An interesting conclusion of the experimental studies provided in Section 4 of the article is that dimension reduction via central subspace estimation seems to boost the performance of the centroid method of Delaigle and Hall (2012a). The comparison is drawn with respect to FPCA, which plays the role of a benchmark, and with respect to three other classifiers (Linear Discriminant Analysis, Quadratic Discriminant Analysis, and additive Logistic Regression). All procedures are outperformed by the PEFCS + centroid package, at least in the proposed numerical illustrations. The poorer results of FPCA + centroid method show that the directions which capture the more total variation might not be the most useful ones for classification, as already pointed out by Delaigle and Hall (2012a). Thus, the experimental results suggest that the proposed PEFCS algorithm succeed in recovering these useful directions. Nonetheless, it could be of interest to compare the performance of the centroid method based on the reduced data with that of the “raw” centroid method, which could take advantage of the high-dimensional structure, at least if the variance term is neglected (Delaigle and Hall 2012a).

It is also interesting to notice that a preliminary projection, based on PACE, is performed by the PEFCS procedure, prior to the dimension reduction step. Although the authors choose the truncation so that “nearly 100 % of the total variation is explained”, the remaining almost 0 % could contain useful information for classification in some “not-so-pathological” cases. Therefore, a further study might consider choosing the initial projection based on a functional partial least squares basis (PLS; see, e.g., Delaigle and Hall 2012b, or Preda et al. 2007), where priority is given in the functional decomposition to directions that capture the maximal correlation with the response variable. The extension of PLS decomposition to sparse functional data may not be so straightforward. However, combining an initial projection based on PLS with a dimension reduction technique such as the one proposed in the paper may offer more guarantees for classification performance—especially if it is performed through the centroid method. It is likely that if the dimension reduction is carried out only through ranking and thresholding the PLS scores, then the resulting space will be larger than the central subspace. Indeed, the directions that are not in the central subspace but are strongly correlated with directions in this subspace will eventually be selected by such a method.
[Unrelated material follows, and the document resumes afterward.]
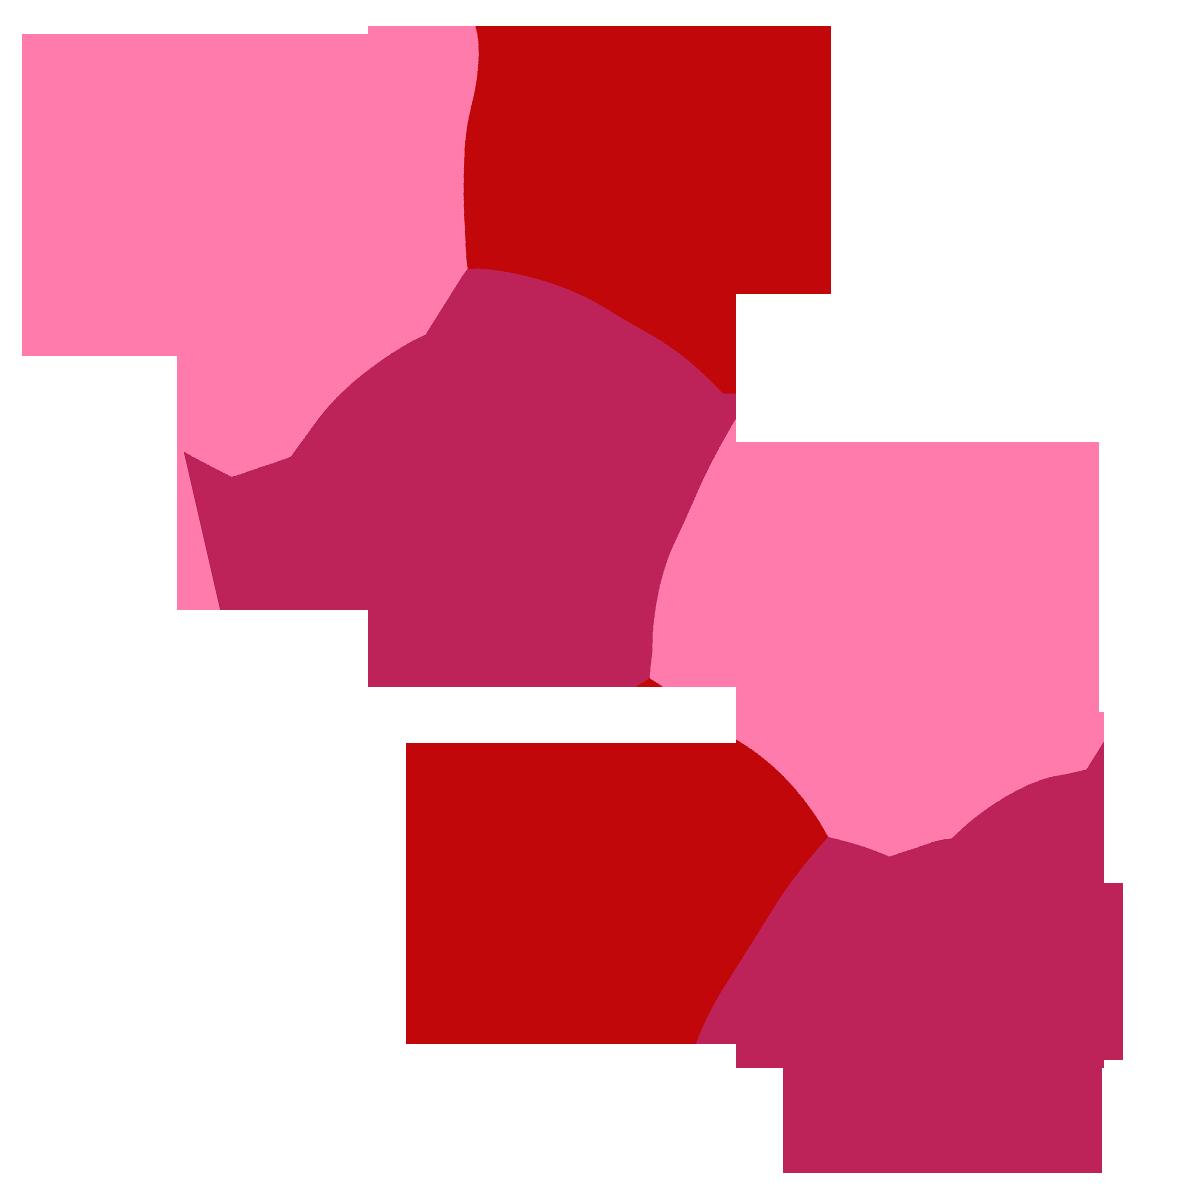 Valentines Clipart. 1ff6e02f7f647ea21b76-Valentines Clipart. 1ff6e02f7f647ea21b76b3f5b32fae .-10

More generally, this remark enlightens a major advantage of the central subspace paradigm over correlation-based methods such as, for instance, the Lasso: correlation between informative directions and non-informative ones does not affect the performance of central subspace recovery, at least theoretically.

Let us finally point out that a drawback of central subspace recovery via inverse regression is the linearity requirement (Assumption 2 in the paper by F. Yao, Y. Wu, and J. Zou), which holds in particular when the distribution of X is elliptic. However, as shown by Fukumizu et al. (2009), such an assumption may be avoided using a different characterization of the central subspace. The key is to derive a criterion of conditional independence expressed in terms of conditional covariance operators over a Reproducing Kernel Hilbert Space (RKHS) embedding of X. This leads to the construction of the so-called Kernel dimension reduction (KDR) method, which amounts to optimize a contrast function over the Stiefel manifold. This procedure exhibits good performance, even in non-elliptical cases. However, the results of Fukumizu et al. (2009) are derived in a finite-dimensional regression setting. Therefore, a challenging project for the future is to extend the Fukumizu et al. (2009) paradigm to the sparse functional case by following a route similar to the PEFCS strategy.

Thus, to summarize, central subspace recovery is an active and promising research area, which is clearly of interest in high-dimensional settings such as functional data classification. More care is needed when data are sparsely observed and the response variable is binary. This point is remarkably addressed in the paper by F. Yao, Y. Wu, and J. Zou, which we think will stimulate further research in the domain.